Learned Searcher Taranarak of geneline Lucyrn resembled Bulwark of Constancy not at all, but her species and Constancy's had lived together in close quarters for millions of year. She could read Constancy's body language as perfectly as she could that of a Metrannan--and Taranarak knew that Constancy could interpret her own gestures just as well.

She bent her four knees in unison, a movement that, in her culture, was meant to express agreement more than submission. Taranarak's actual emotional state, however, might have been better described as weary toleration combined with frustration, though it would be unwise in the extreme to express anything like that to one of the Unseen.

"By all moral, philosophical, and cultural measures, you are no doubt correct, and I of course agree with you," Taranarak lied, "but right or wrong, change is forced upon us."

And change was not only absolutely essential for their mutual survival, not only a good thing, but an absolute moral imperative. However, one did not voice such opinions to the Unseen. "It infects, it spreads, like one of the illnesses in the Old Stories."

"The illnesses never touched
our
kind, but only yours--and they were stopped," replied Bulwark of Constancy. "And thanks to the unchanging determination of
my
people, they have never returned to harm
your
people." Bulwark of Constancy gestured with its upper-left and lower-right expressive mandibles, indicating dismissal of a poor analogy.

"I beg your pardon," Taranarak said. For a supposedly changeless being, Constancy was being--what was the delicious human word that Trevor of geneline Wilcox had used?
Crotchety!
That was it. Bulwark was being most unusually crotchety and fussy. But, of course, the mere existence of humans and Kendari, the fact that the Young Races must be dealt with at all, even if only as a mere trivial inconvenience, was a massive affront to the whole worldview of the Unseen Race.
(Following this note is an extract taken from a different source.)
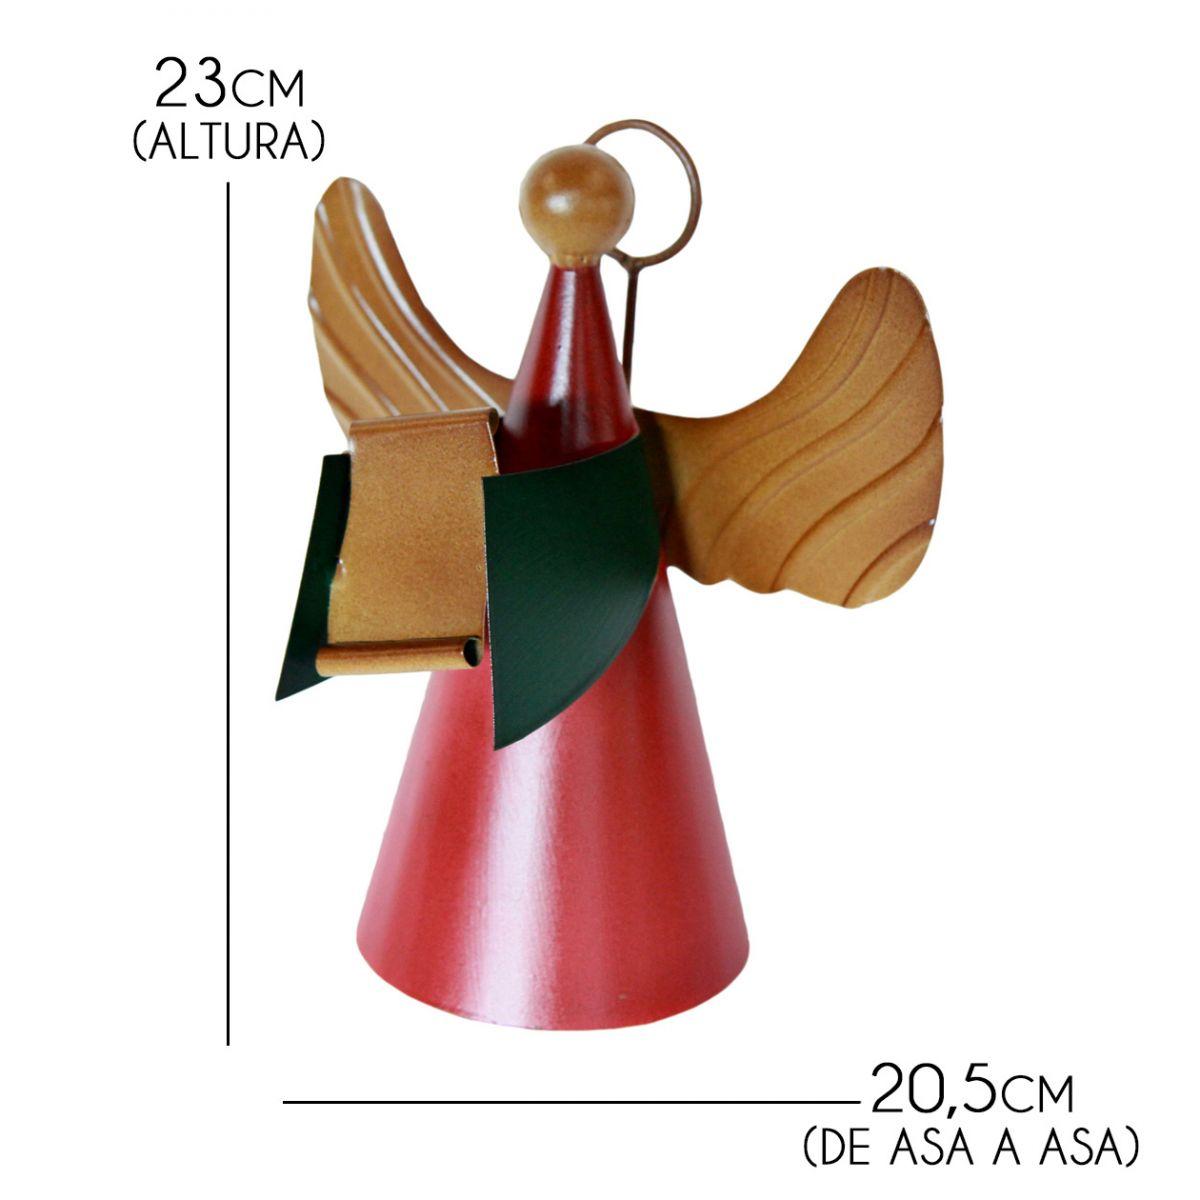 Anjo Decorativo de Natal de Ferro Artesanal para Enfeite Natalino

It was unfortunate that she had been forced to bring such matters to the attention of Bulwark of Constancy. "I did not wish to offend."

"Nor have you--yet. But it is desired that you proceed with your report and conclude with all deliberate dispatch."

"Very well," said Taranarak. "It is my opinion that the danger can only grow worse as the level of uncertainty grows. There is growing awareness, among many factions, that there is--or at least was--a treatment that can...alter matters." She dared not say anything more explicit than that for fear of offending Constancy.

"It is wrong to alter matters. As a matter of simple logic, it is plain that any change could only be for the worse, because circumstances and conditions remain optimal, as they have been for a significant part of a standard galactic rotation."

Not optimal for everyone,
Taranarak thought.
For the Unseen, perhaps, but not for Metrannans.
"Wrong or right does not enter into it," she said. "The knowledge that there
is
--or even that there
might
be--a way to change matters is in and of itself destabilizing the situation." She hesitated. "Whatever we might think of change in general, or how
this
change might affect our society--our civilization--it is beyond any empirical dispute that this change might well have the potential to provide the deepest and most profound benefit to some individual Metrannans."
Practically all individual Metrannans.